После обеда сборщики заторопились. За Пологой свинцевело небо, шел низом резкий прохладный ветер.

— Как бы буря не грянула, разрази ее! Сейчас сырость для яблока — прямо смерть!

Даже капля дождя на глянцевитой янтарной кожице вредила бы яблоку, как оспа. Оно должно было дозреть в лежке сухим, не тронутым ни прелью, ни пятнами, ни червем.

Еще до сумерек счетчики успели сдать в склад яблоки.

— Ефим, выходит, первым! — изумился Наркизов (он шел вторым).

Ефим же заразил всех нетерпением:

— А ну, высчитывай показатели. Неча их квасить, объявляй!

И на собрании перед складом Наркизов громко зачитал отличные показатели Ефима Колпина.

Петря Радушев подоспел почти к самому началу.
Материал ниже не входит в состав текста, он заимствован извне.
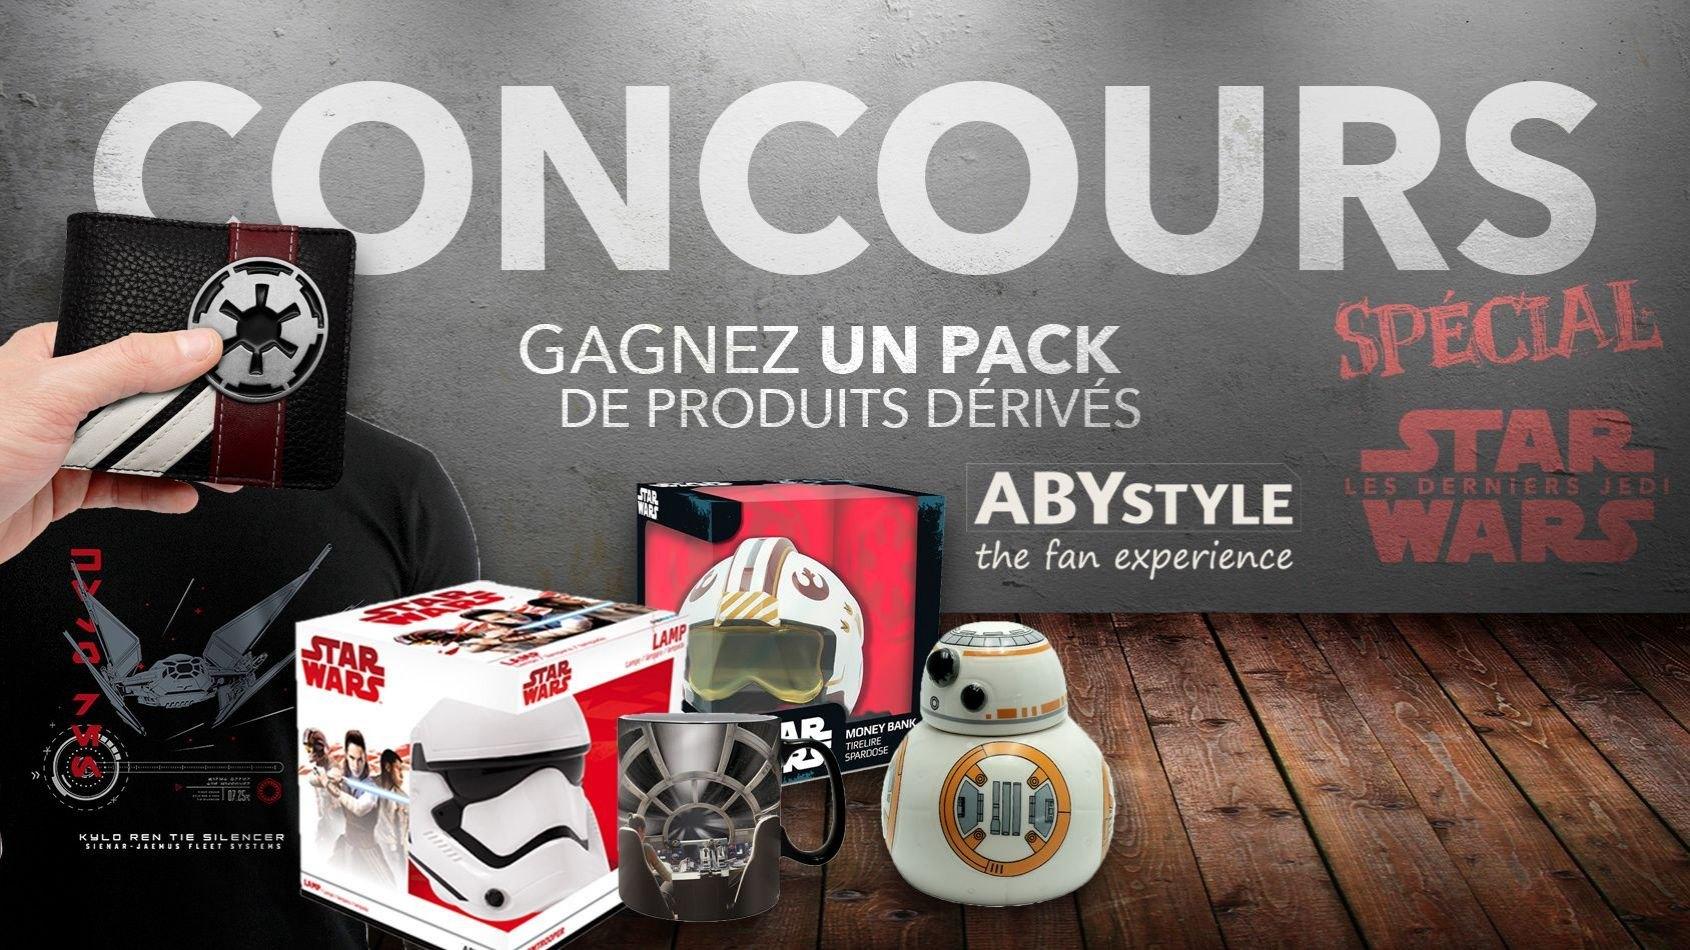 Concours Spécial #1 - Gagnez un pack de produits dérivés ABYstyle

Он стоял в широких дверях склада и покрасневшими от дорожной пыли глазами озирал шумную толпу.

— Александра, здравствуй! — крикнул он, вытягивая жилистую шею и словно показывая всем, как приятно иметь дело с такой девушкой, как Шура. — Здорово, дорогая заместительница-бригадирша! Как дела?

Шура помахала ему, силясь улыбнуться.

— Ну, ну, высчитывай, брат, скорей! — заторопил Петря Наркизова, а сам все смотрел на Шуру, не замечая ее опущенного взгляда. — Как-то мои инструкции выполнили? А ну, чем все-таки мы тебя, Ефим Колпин, побили?.. Да читай ты! — нетерпеливо подтолкнул он Наркизова.

— О чем читать-то? — хмуро спросил тот.